= PROBLEM TO WORK ON =
Transcribe word for word the section of the records below that opens with the line containing "Damen, gold 42mm)" and closes with the line containing "Urikar Pro 2"; drop every picture.

= RECORD EXCERPTS =

◆ ◆ ◆

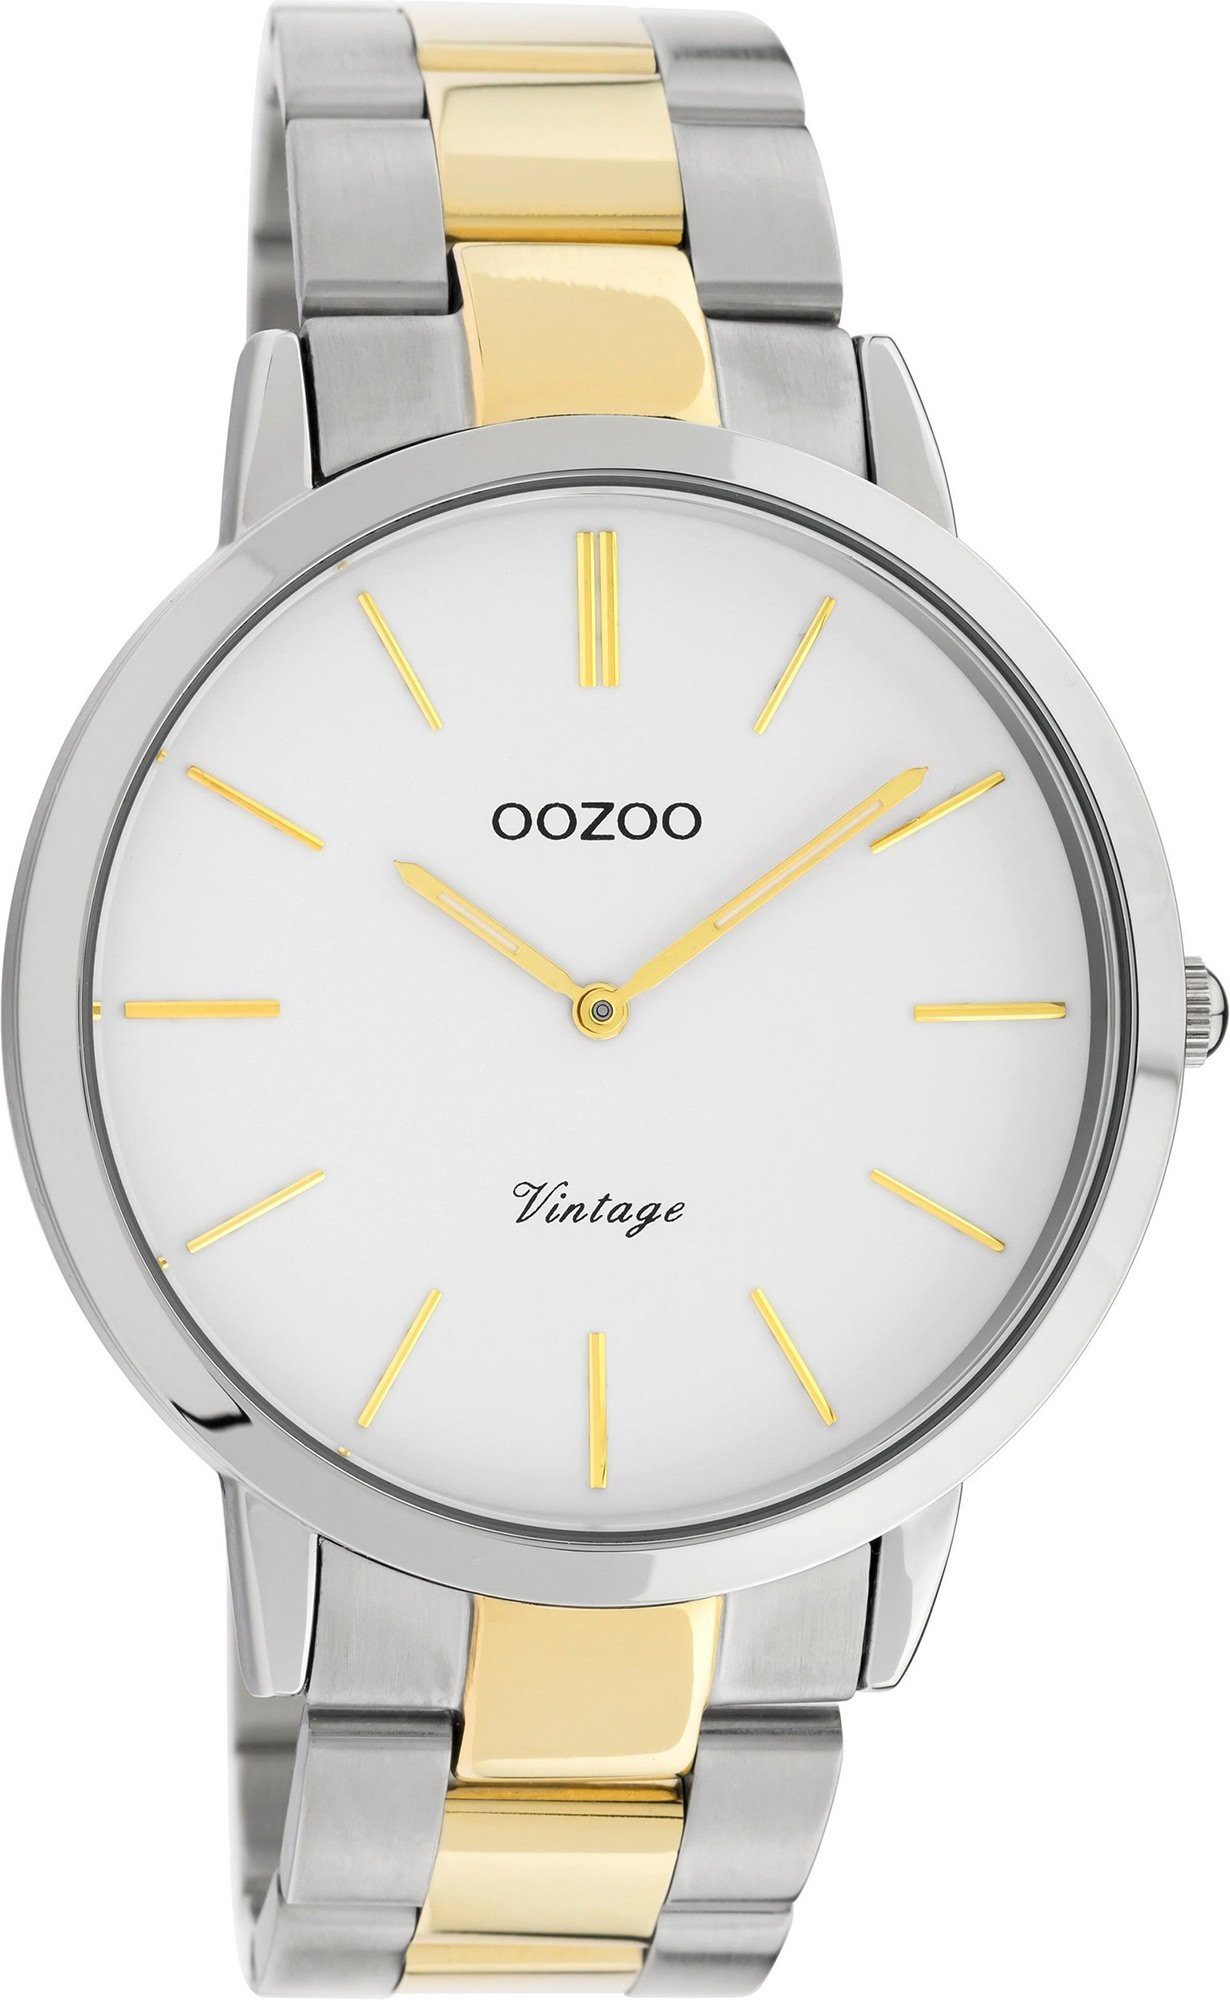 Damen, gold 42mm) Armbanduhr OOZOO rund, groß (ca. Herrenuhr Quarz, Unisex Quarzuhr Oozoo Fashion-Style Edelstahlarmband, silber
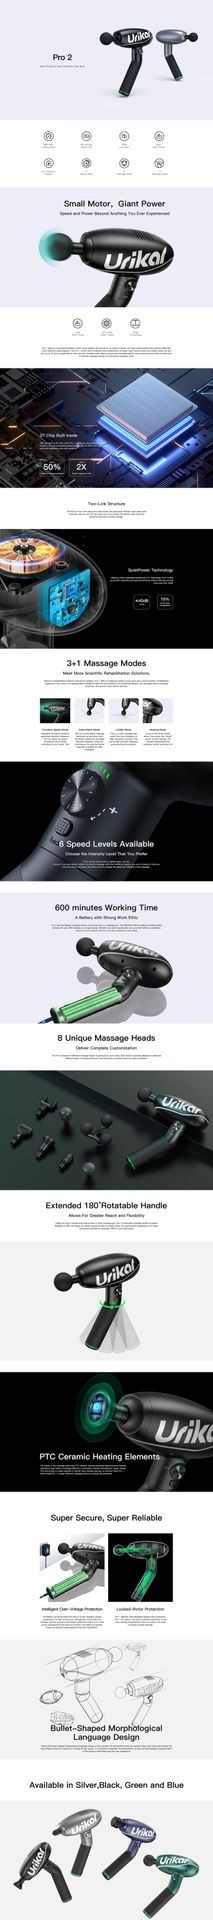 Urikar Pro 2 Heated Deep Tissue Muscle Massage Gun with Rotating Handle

◆ ◆ ◆

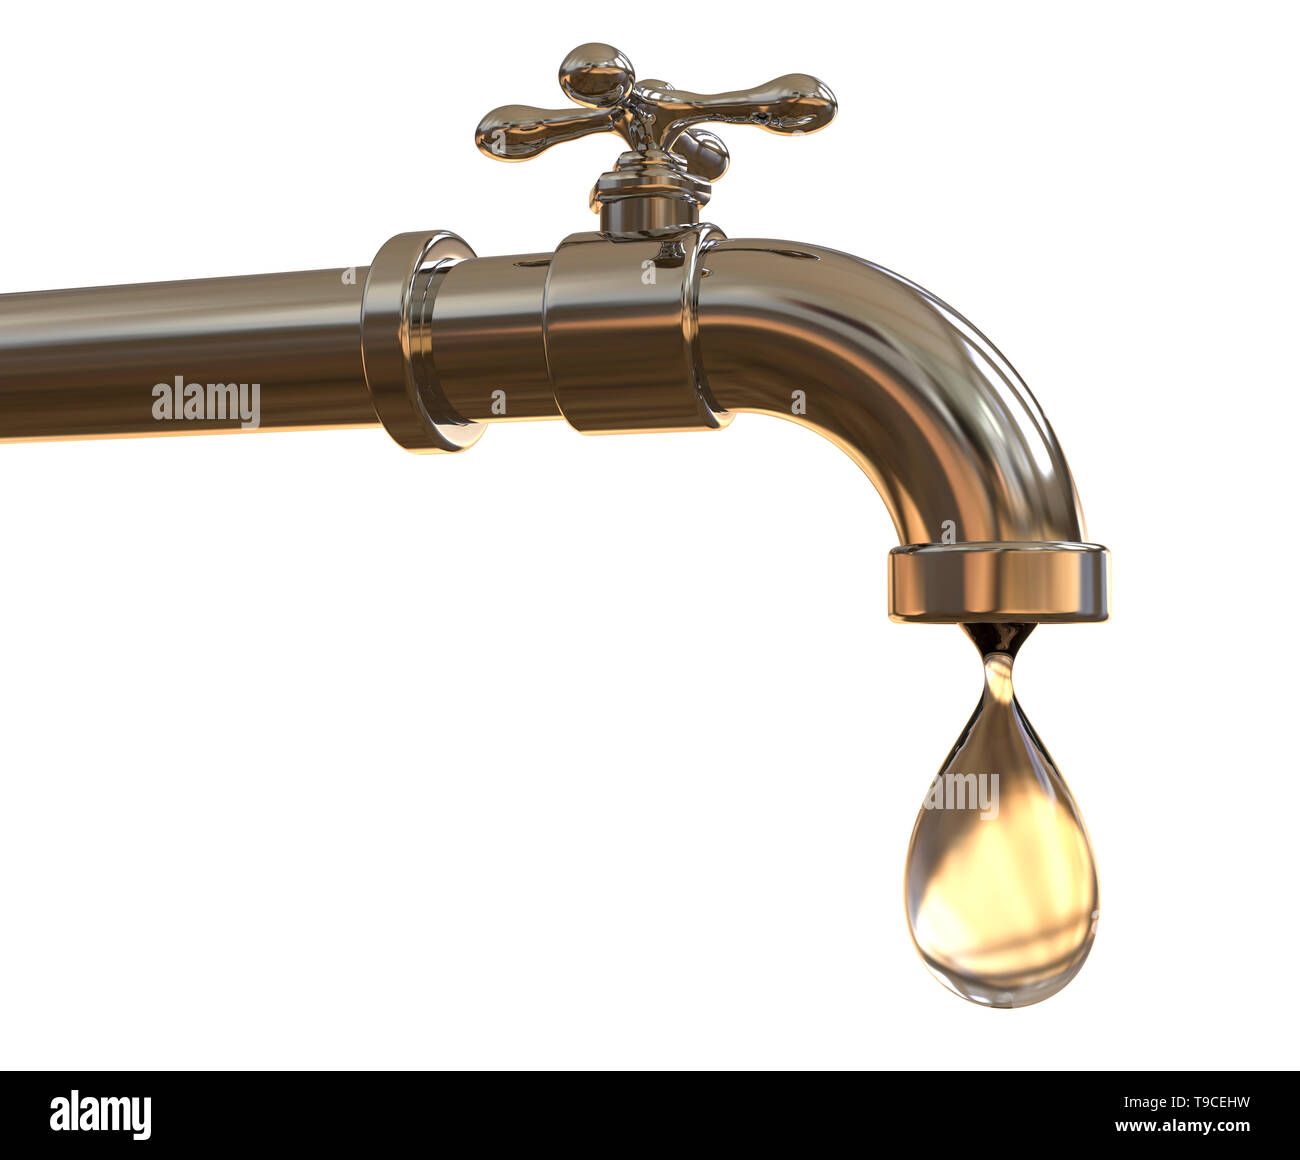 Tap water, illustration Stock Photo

◆ ◆ ◆

= TASK SOLUTION =
 Damen, gold 42mm) Armbanduhr OOZOO rund, groß (ca. Herrenuhr Quarz, Unisex Quarzuhr Oozoo Fashion-Style Edelstahlarmband, silber
 Urikar Pro 2 Heated Deep Tissue Muscle Massage Gun with Rotating Handle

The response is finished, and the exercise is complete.